The data should be written out in full, exactly as it stands, and the pictures dropped.

***** Collected data

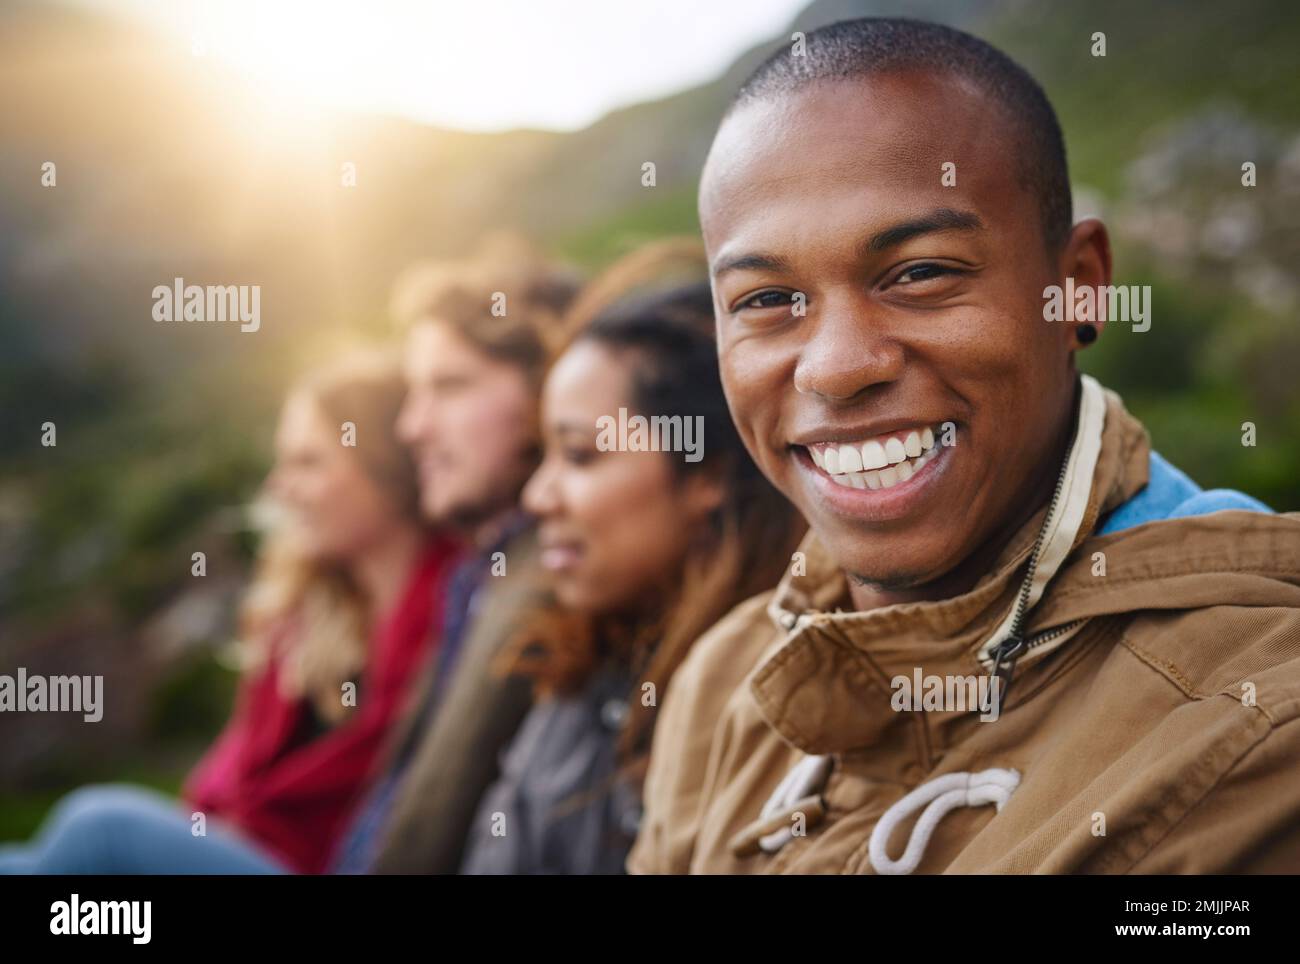 Keep your friends close. Portrait of a happy young man hanging out with his friends outside. Stock Photo
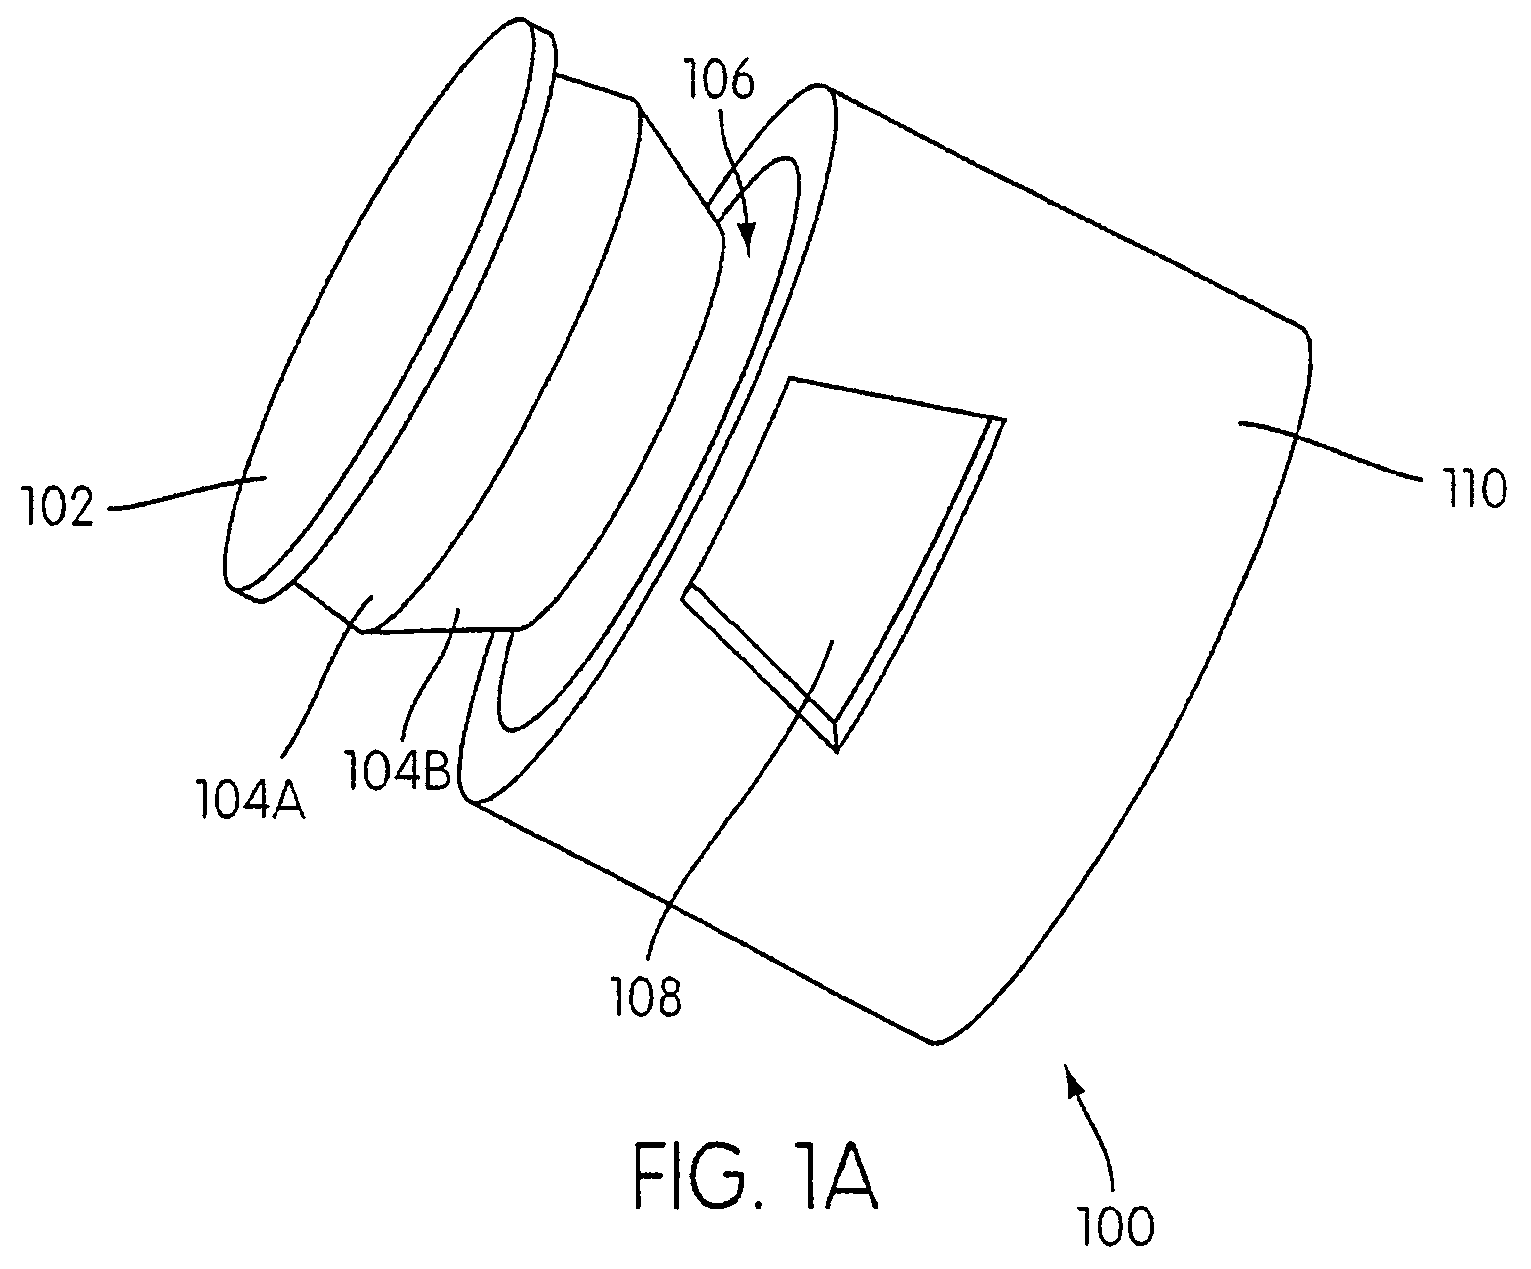 Vent and/or diverter assembly for use in breathing apparatus
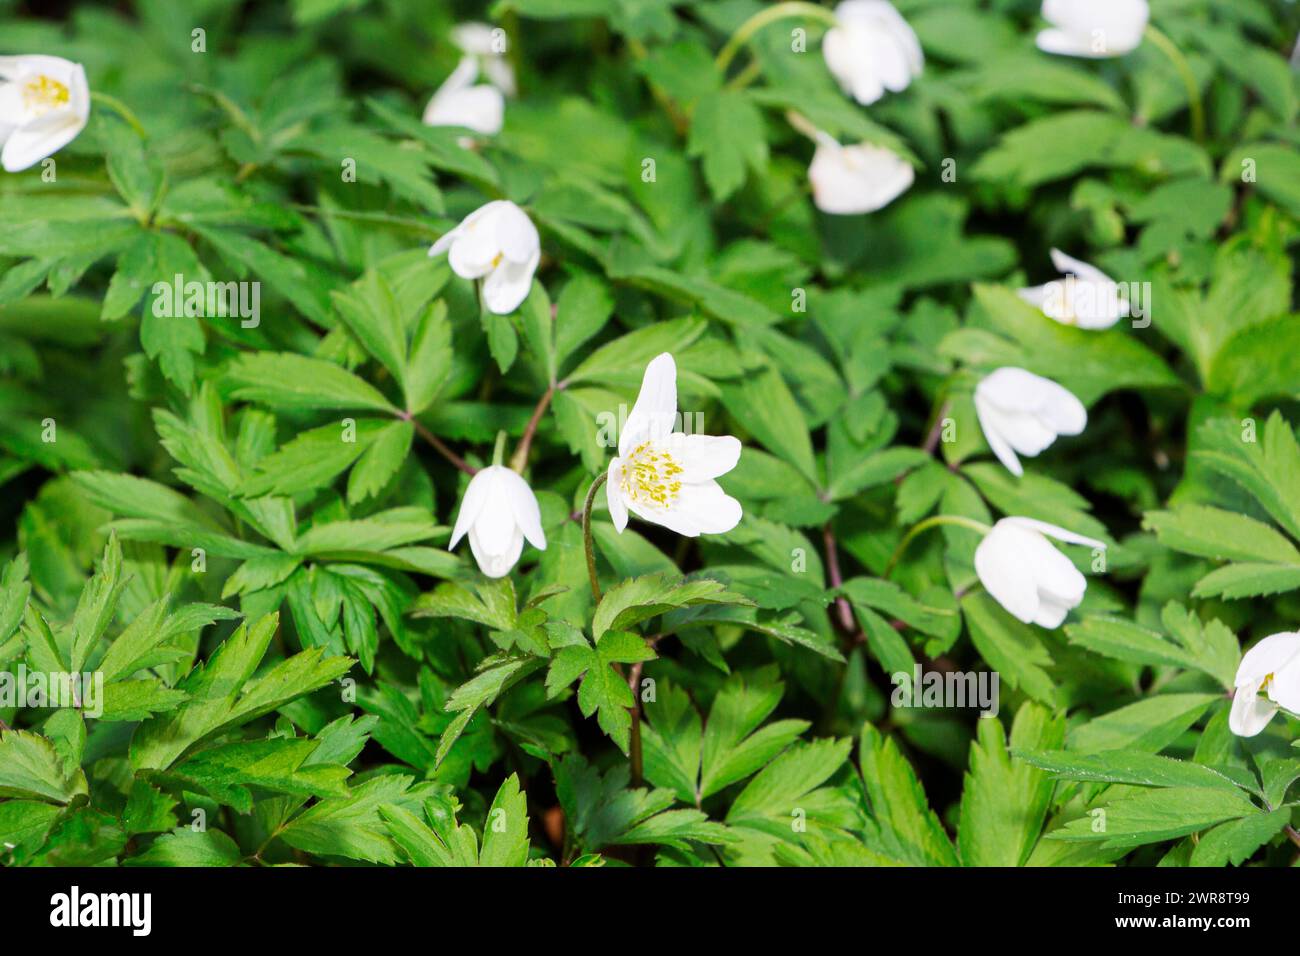 anemone flower, close-up, the first forest flowers Stock Photo
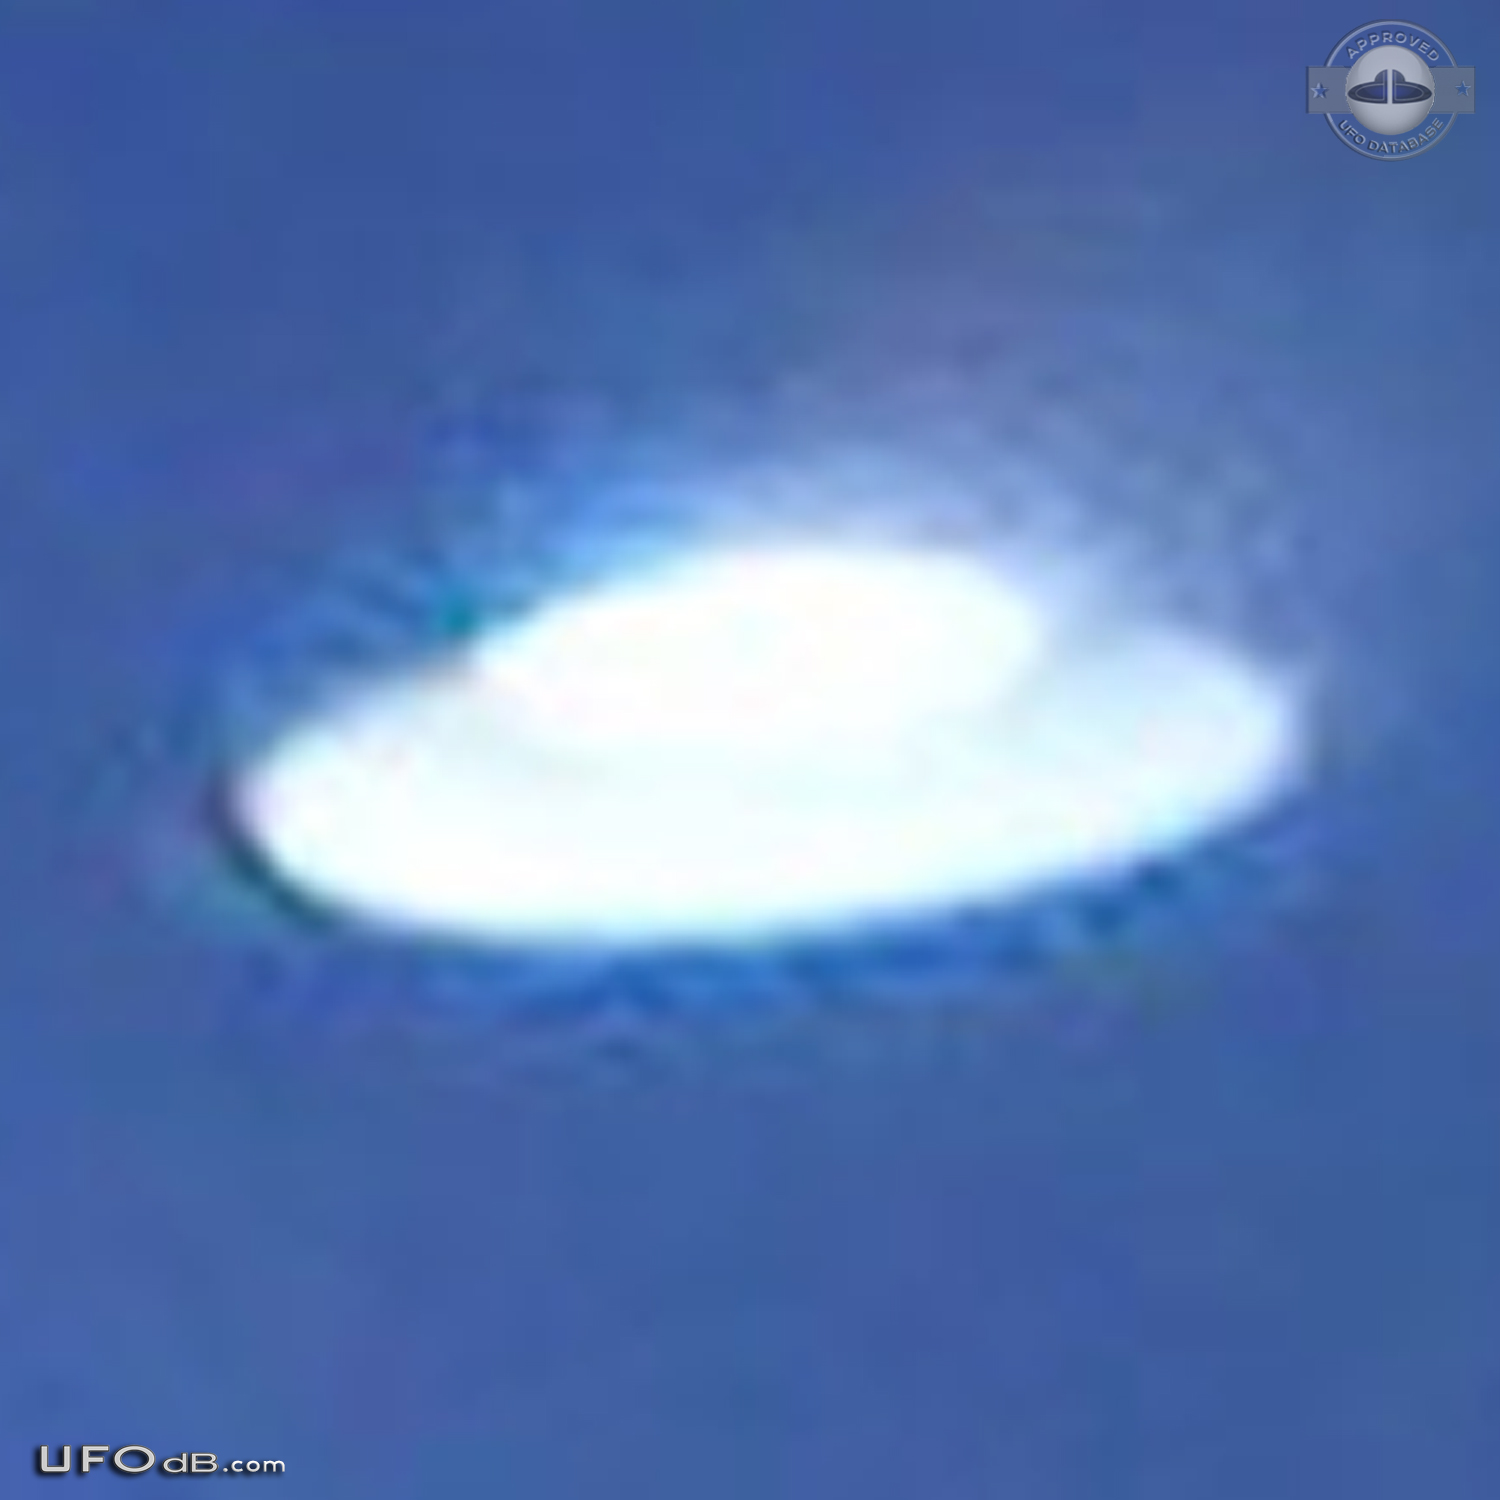 Two Saucer with dome UFOs caught on Picture in the Bahamas - 2012 UFO Picture #495-5

**********

» Your solution
 Keep your friends close. Portrait of a happy young man hanging out with his friends outside. Stock Photo
 Vent and/or diverter assembly for use in breathing apparatus
 anemone flower, close-up, the first forest flowers Stock Photo
 Two Saucer with dome UFOs caught on Picture in the Bahamas - 2012 UFO Picture #495-5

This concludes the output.